El fascismo, aquí, se identifica con el uso de la violencia —mercenaria, criminal, de color— como método de desestabilización política, el exterminio del otro como estado de tensión psicosocial y práctica ocasional, el desconocimiento de las instituciones venezolanas como juego de suma cero, el reclamo imperial de intervención militar, el sentimiento hiperreligioso a favor del sistema capitalista en su fase neoliberal, la adopción de una postura geopolítica y civilizatoria respectivamente proestadounidense y prooccidental.
Todas estas variables son verificables en el discurso y la praxis de una parte importante de la dirigencia opositora y de cierta, aunque minúscula, base social de sus seguidores, sobre todo las que han protagonizado las jornadas golpistas de 2014, 2017, 2019 y 2024. En todas ellas, María Corina Machado ha tenido un papel estelar.

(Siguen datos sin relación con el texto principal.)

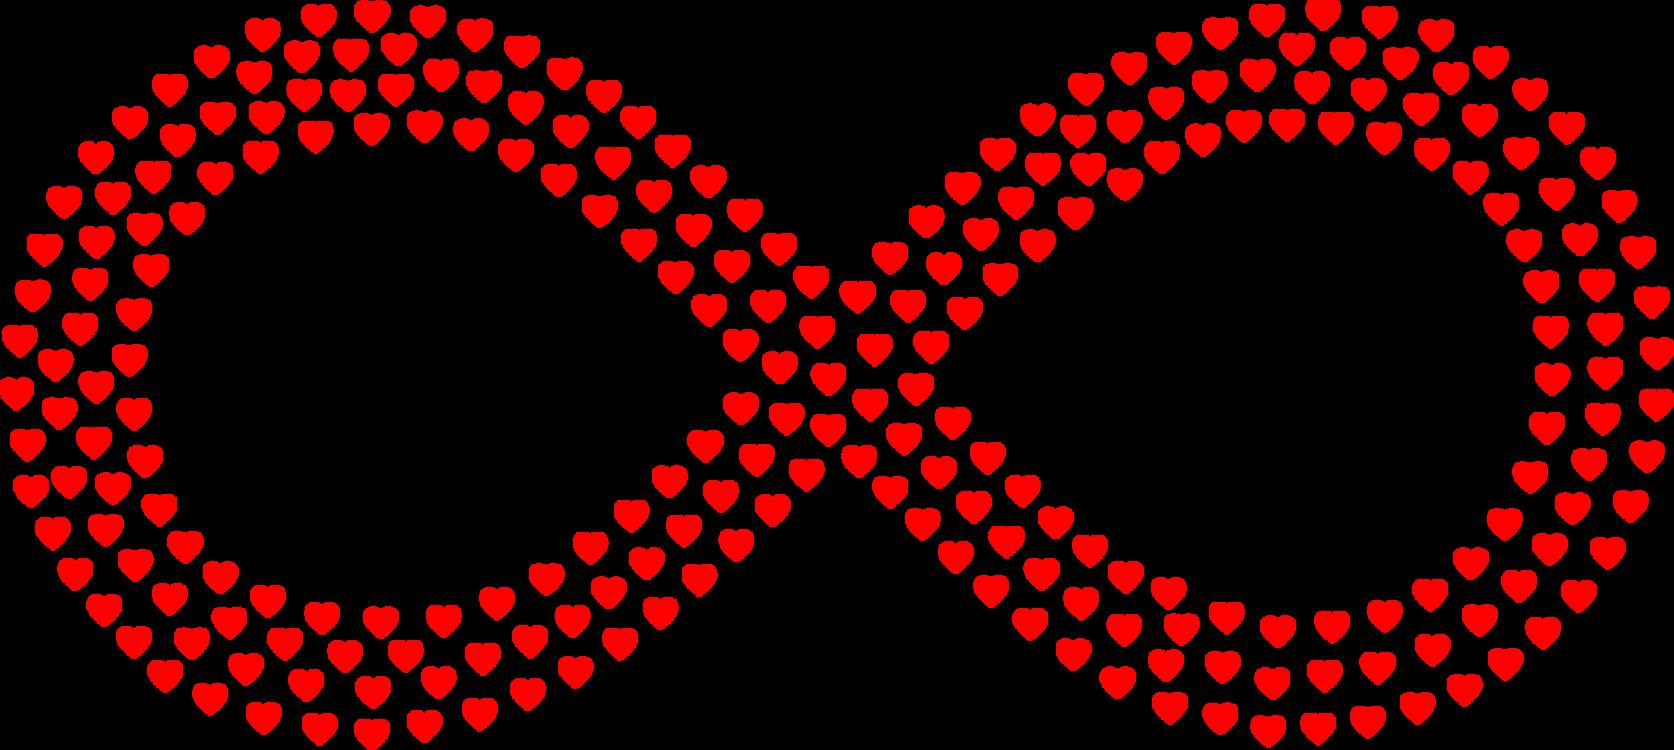 Heart,Love,Symmetry

El fascismo de ayer y de hoy
De modo que, así como "cada época tiene su fascismo", afirmación del escritor italiano Primo Levi —judío sobreviviente del campo de concentración Auschwitz Monowitz—, así también cada experiencia nacional o regional tiene el suyo. Tanto la geopolítica como las condiciones sociales, el tiempo histórico y las tecnologías del momento influyen, esculpiendo con rasgos específicos el fascismo de tal o cual latitud.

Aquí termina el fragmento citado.